___ RECORDED INFORMATION ___

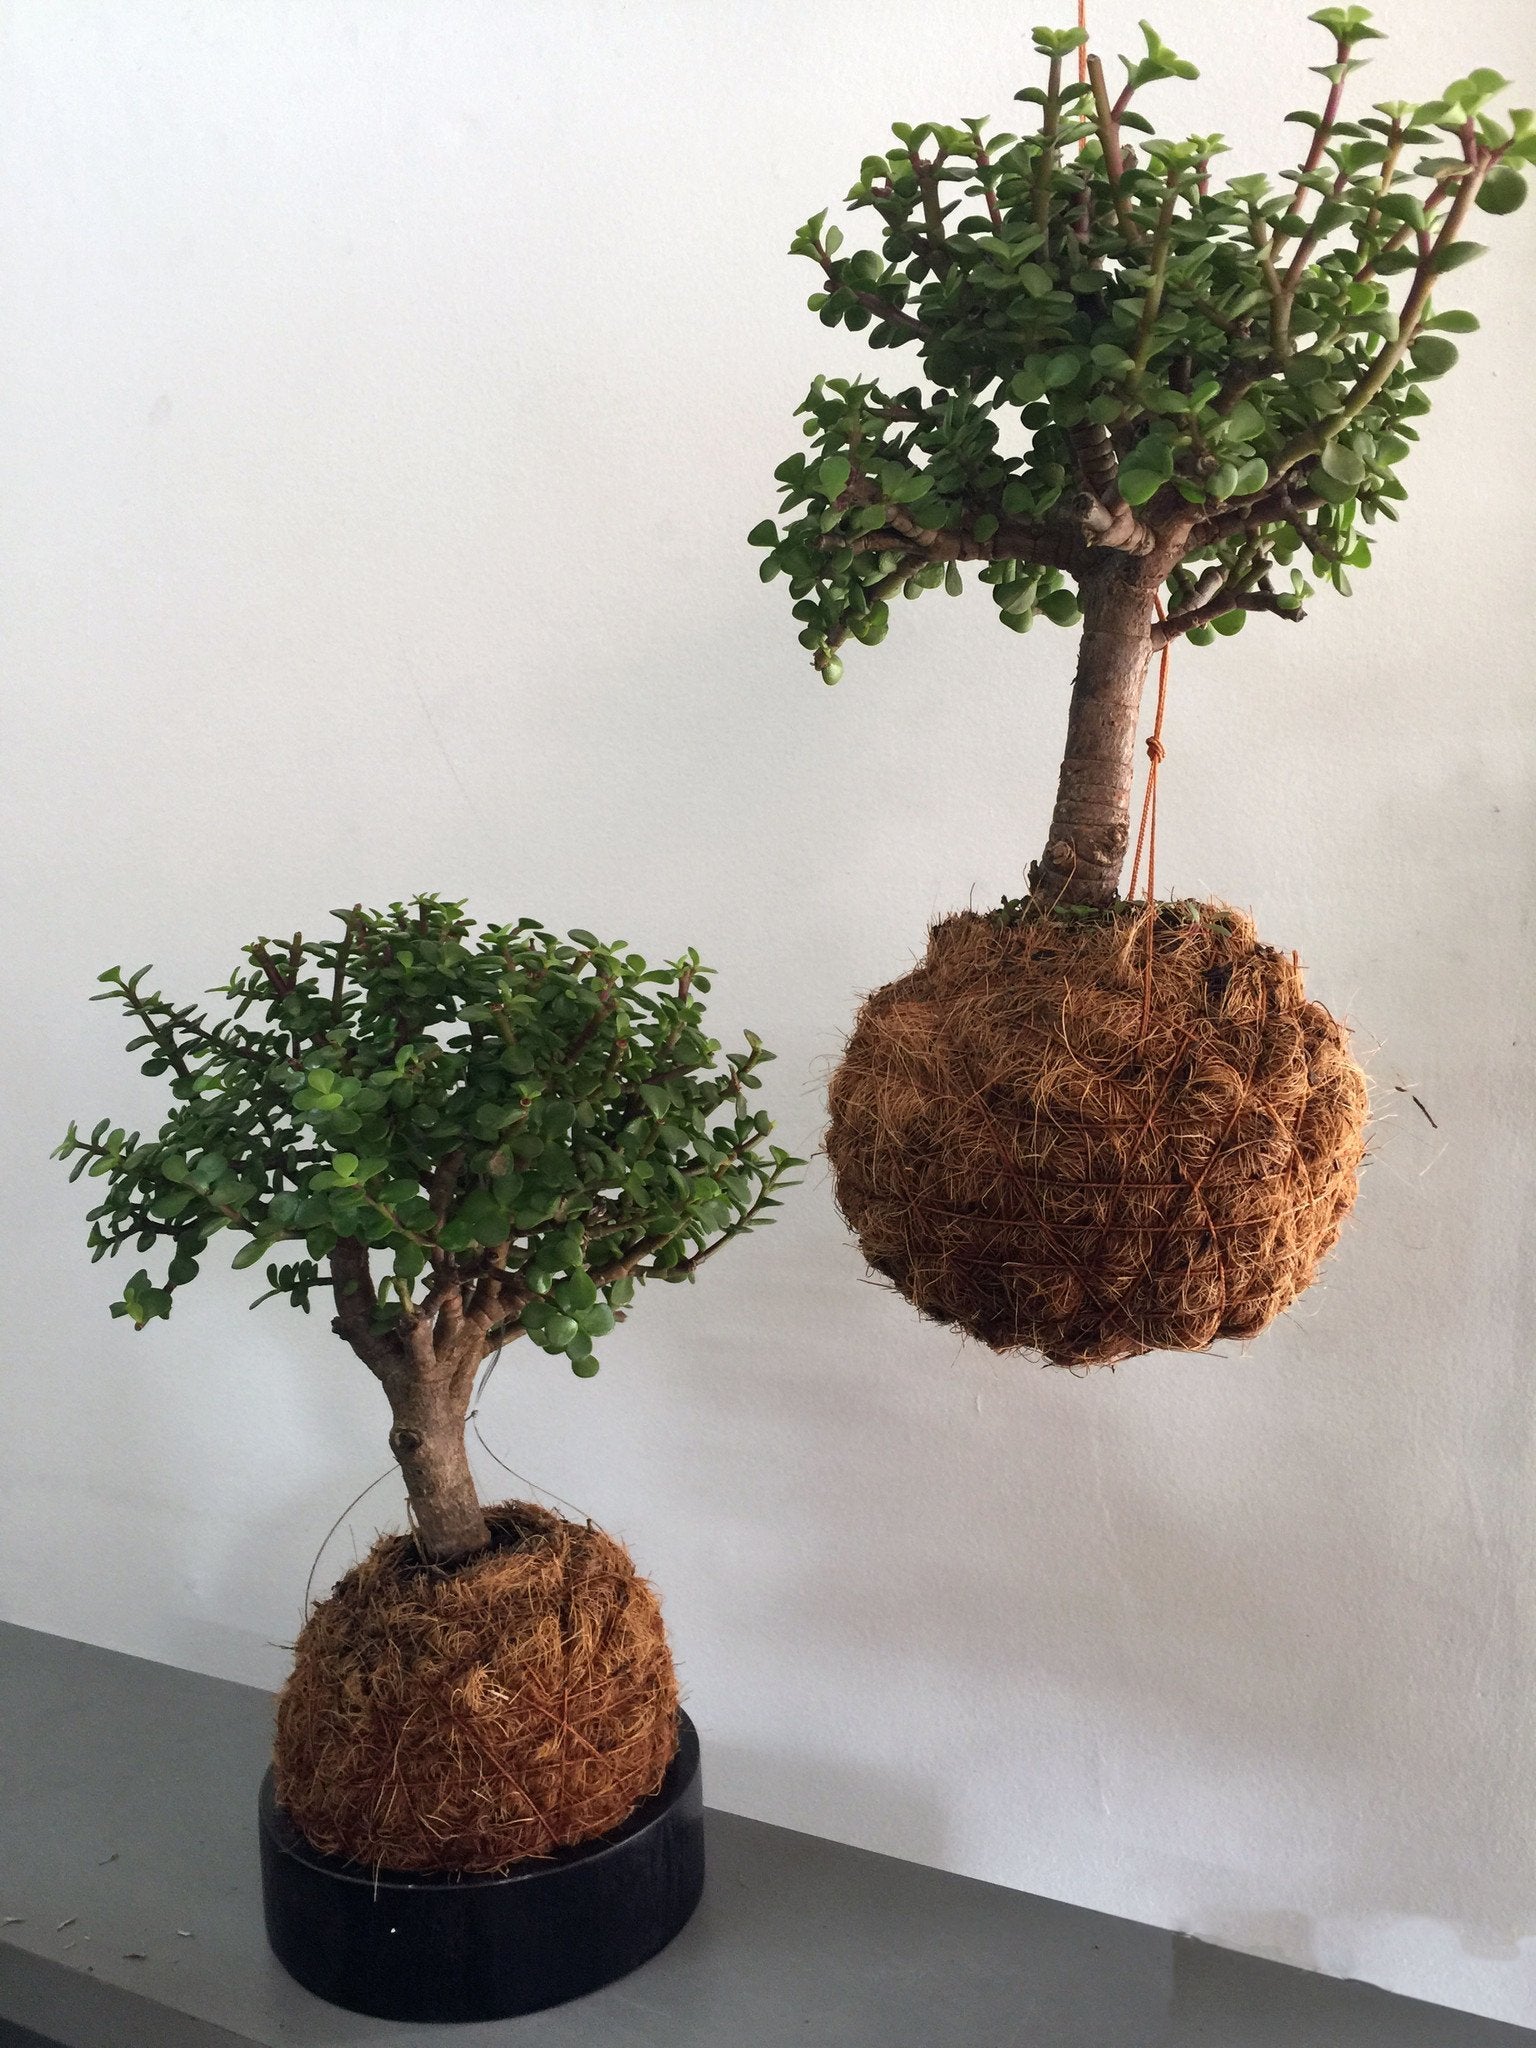 Cuidados básicos de bonsai "Principito"
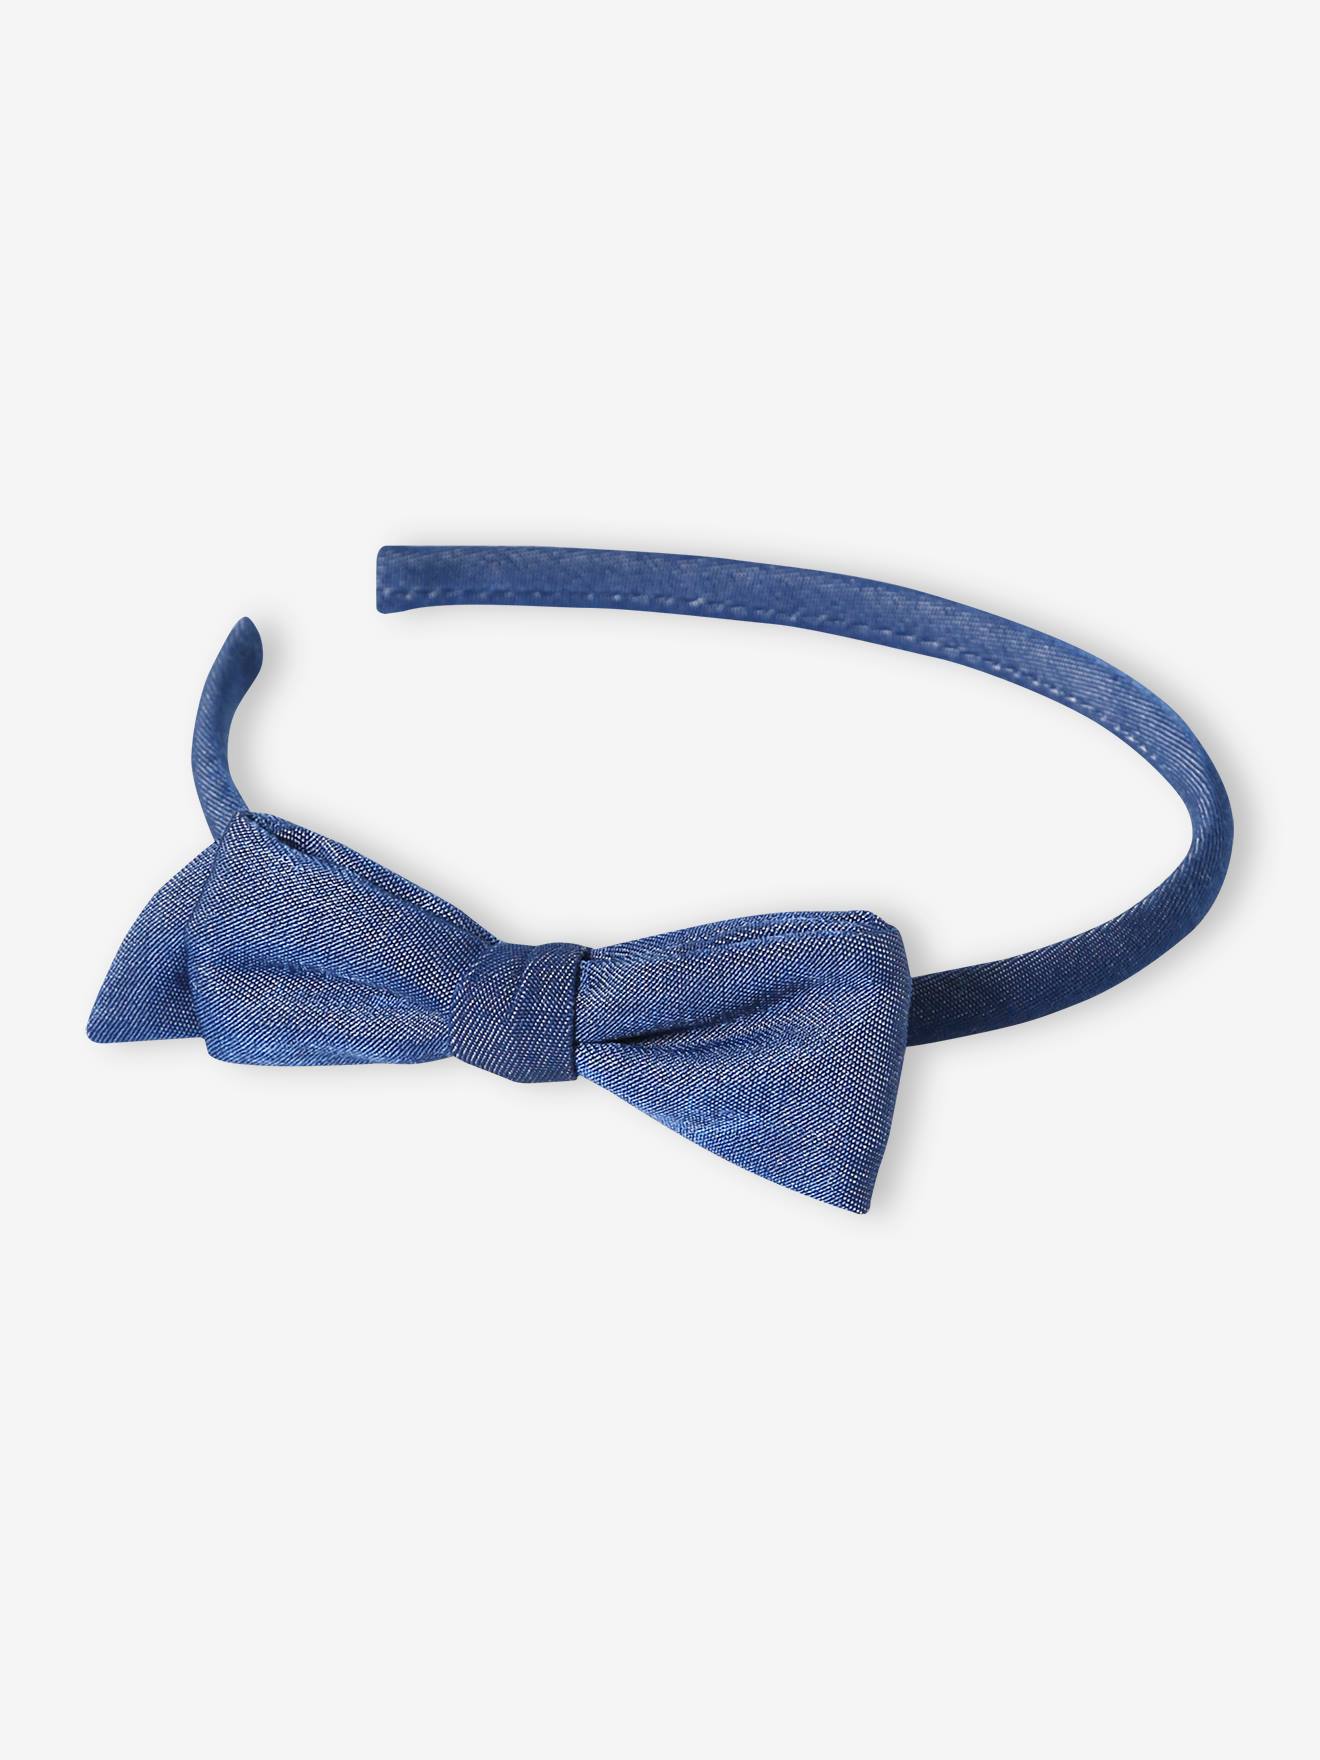 Haarband met stoffen strik blauw, bedrukt
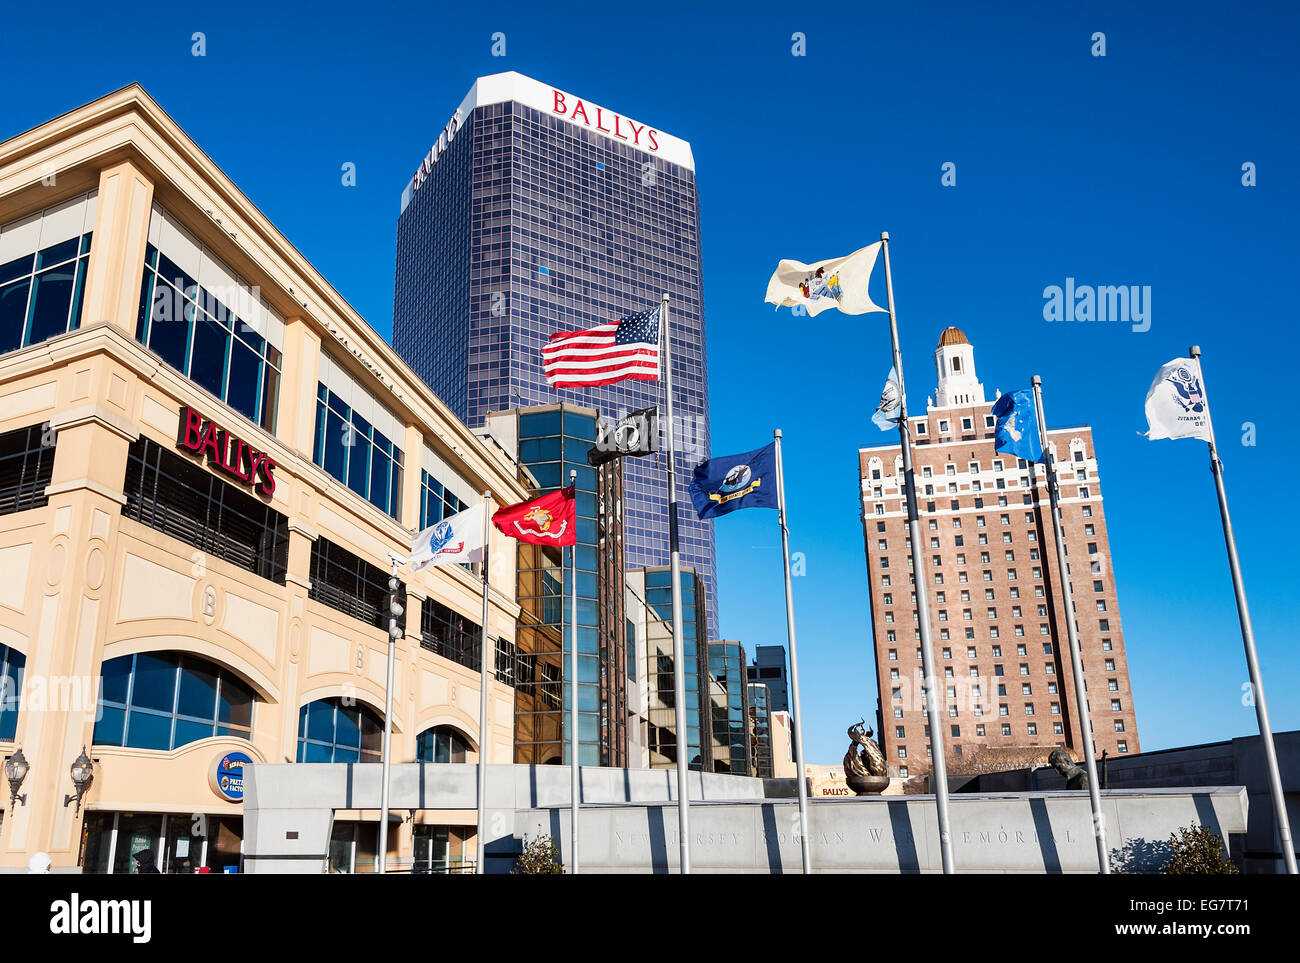 Exterior of Bally's and Claridge casino, Atlantic City, New Jersey, USA Stock Photo
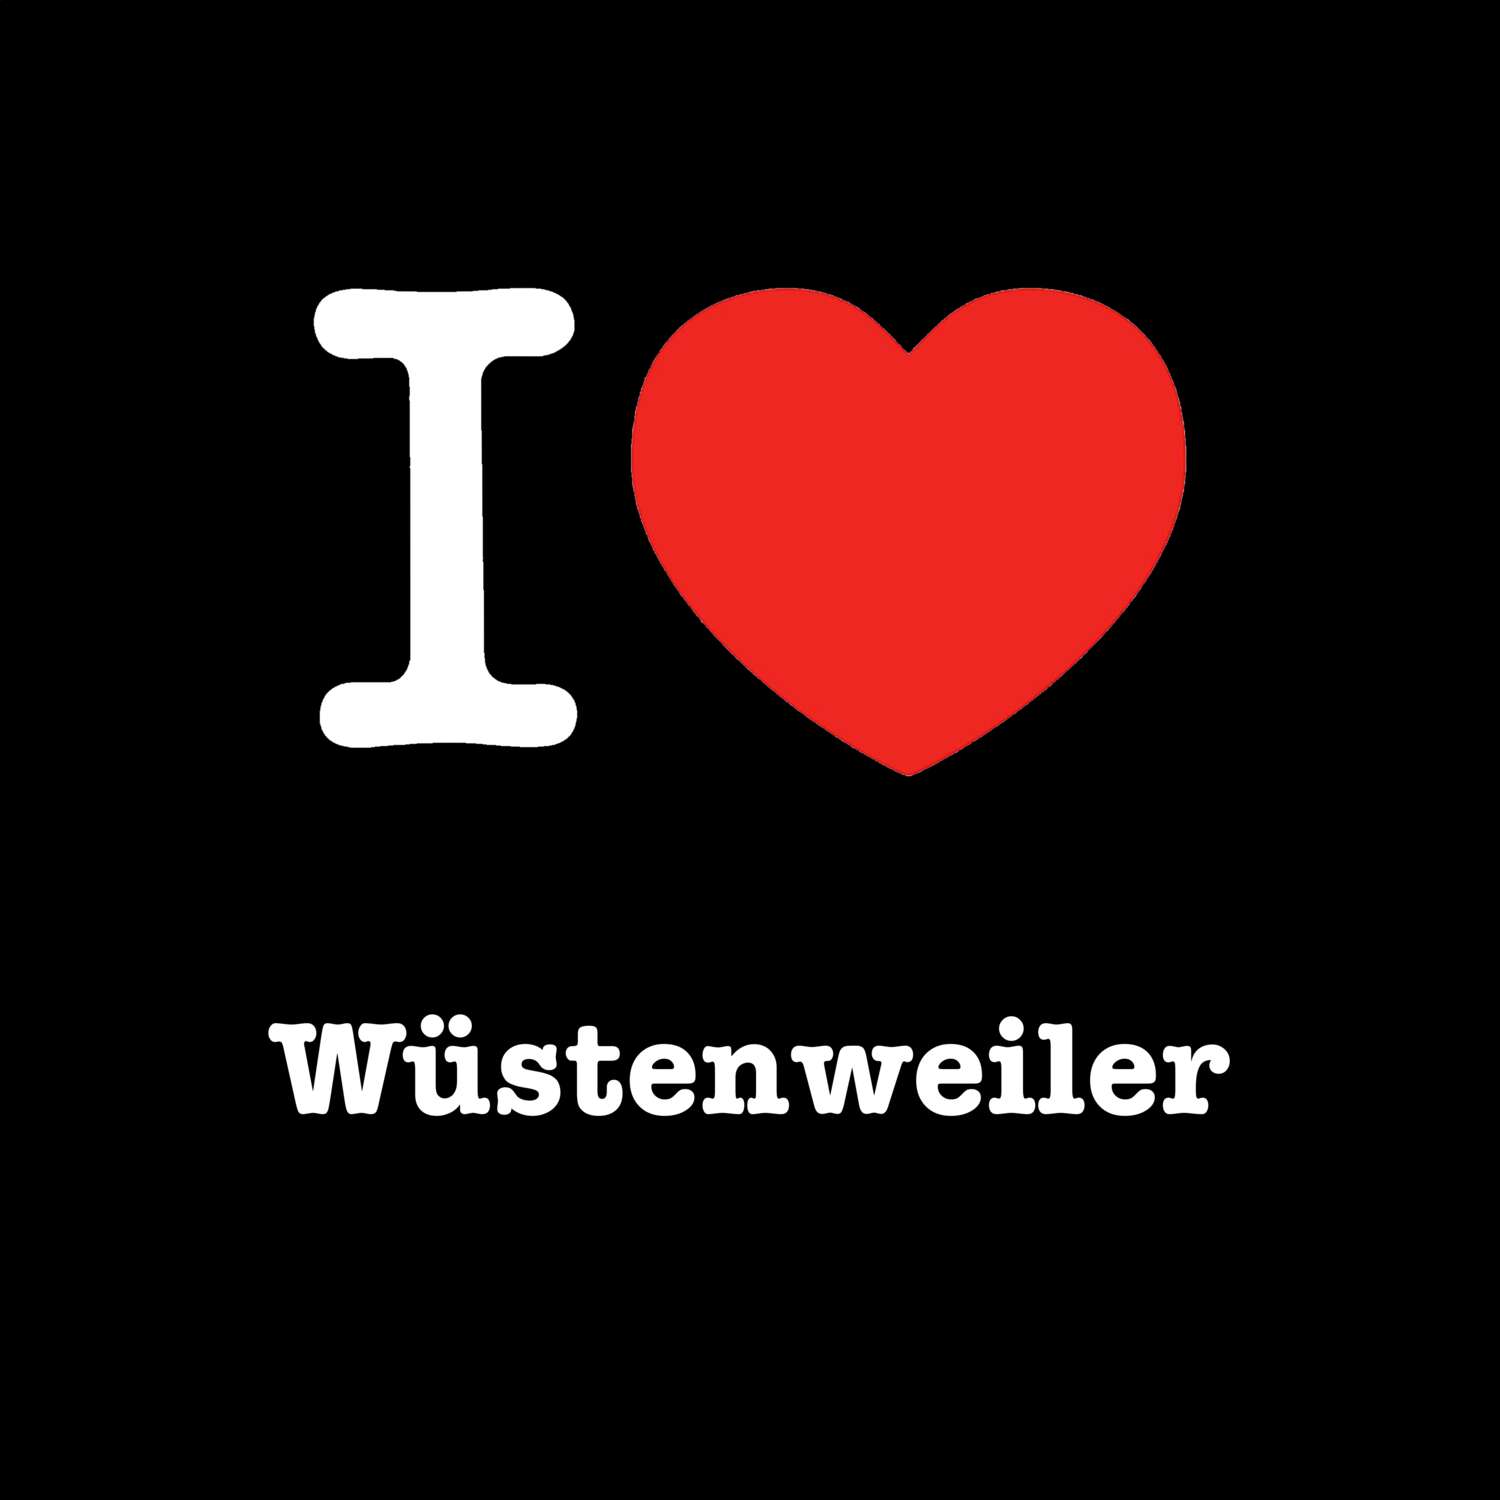 Wüstenweiler T-Shirt »I love«

___

EXERCISE:
Pictures are to be dropped, and the remaining data set down exactly.

YOUR SOLUTION:
 Cuidados básicos de bonsai "Principito"
 Haarband met stoffen strik blauw, bedrukt
 Exterior of Bally's and Claridge casino, Atlantic City, New Jersey, USA Stock Photo
 Wüstenweiler T-Shirt »I love«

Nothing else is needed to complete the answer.